Before they could say more, they heard the downstairs door open and the sound of footsteps coming upstairs. William had arrived.
He strode into the room and over to the bed and then bent down and kissed Alice on the cheek. They had been exaggeratedly affectionate to each other ever since his “mad scene,” as she secretly referred to it to herself. She had always believed she understood him better than anyone, better even than his wife, but his outburst had surprised her, causing her to conclude that she had missed something—or been kept in the dark. The fact discomfited her, but on the surface she behaved as though nothing had happened.
“What do you think?” she asked, motioning to the portrait as he seated himself on the other side of the bed.
He turned to look.
“Do you like it?”
He did not respond. He was studying the painting more closely than would have been expected, his brow furrowed. “What’s that doing there?” He pointed with sudden vehemence to the bonnet in the lower left of the painting.
“It’s my bonnet,” said Alice, peeved by his focus on a minor detail. Although the floor and the bed had been painted in the impressionist style, the bonnet was, like the face, delineated rather clearly. “It’s a joke,” she explained irritably. It did not seem very funny to her now. “I had expected he would paint me with it on, but he said he wanted to see my hair.” She touched the cap on her head, recalling the incident in which he had thrown the cap to the floor and put his hand to her head. “Why do you ask?”
William again did not respond, but his face was deep in concentration and then seemed to shape itself into a grimace. “Your friend Sickert…do you know where he is?”

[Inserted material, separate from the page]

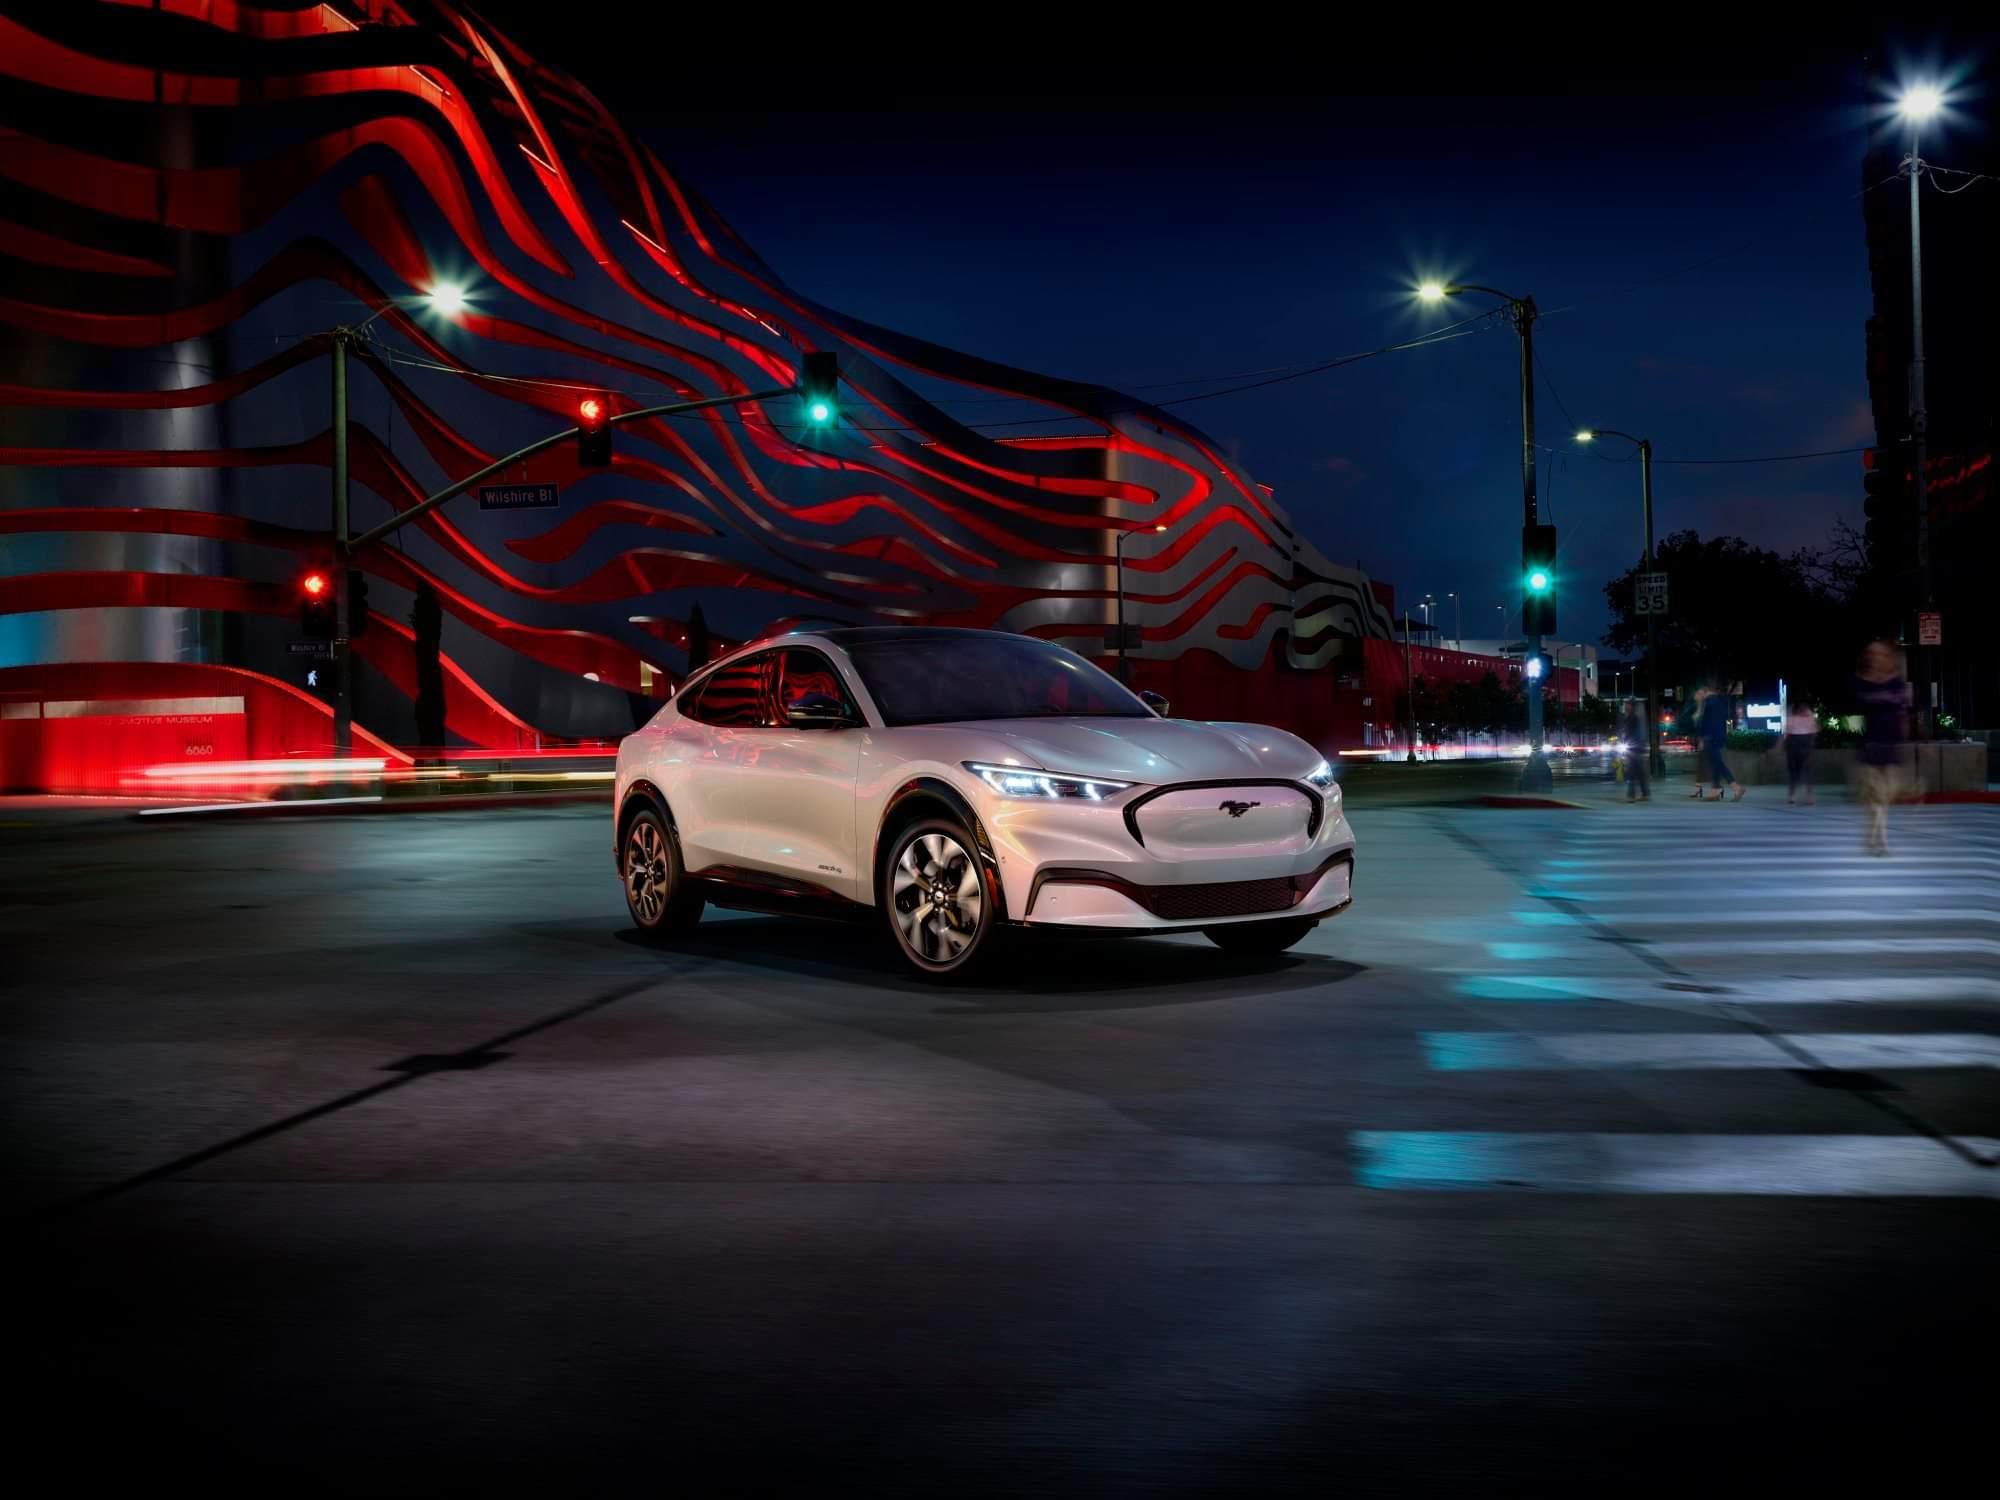 Le Vus Ford Mustang Mach-E 2021 | Léveillé Ford

“He’s off to Cornwall,” said Alice with a certain indifference. “This time I believe he means it.”
“He must be stopped.”
Alice looked at him quizzically.
“We have let a guilty man get away.” William’s voice was high with restrained emotion. “The bonnet”—he pointed to the canvas—“there was a cap on the floor in precisely that spot in Mary Kelly’s bedroom. It struck Abberline and me at the time as an odd sort of thing for a woman of that type to have lying about, but I wouldn’t have noted its position had I not just seen the photograph of the crime scene this morning. And I understand it now. None of the other murders were in a bedroom, with the victim in a nightdress. This was different because it was inspired by someone in particular.” He looked at his sister, who was staring at him uncomprehendingly. “Don’t you see? The killer placed the cap on the floor of Kelly’s room in an effort to re-create the scene in your bedroom. I hadn’t realized until now how similar that room was to yours. And Kelly was your age, considerably younger than the previous Ripper victims.”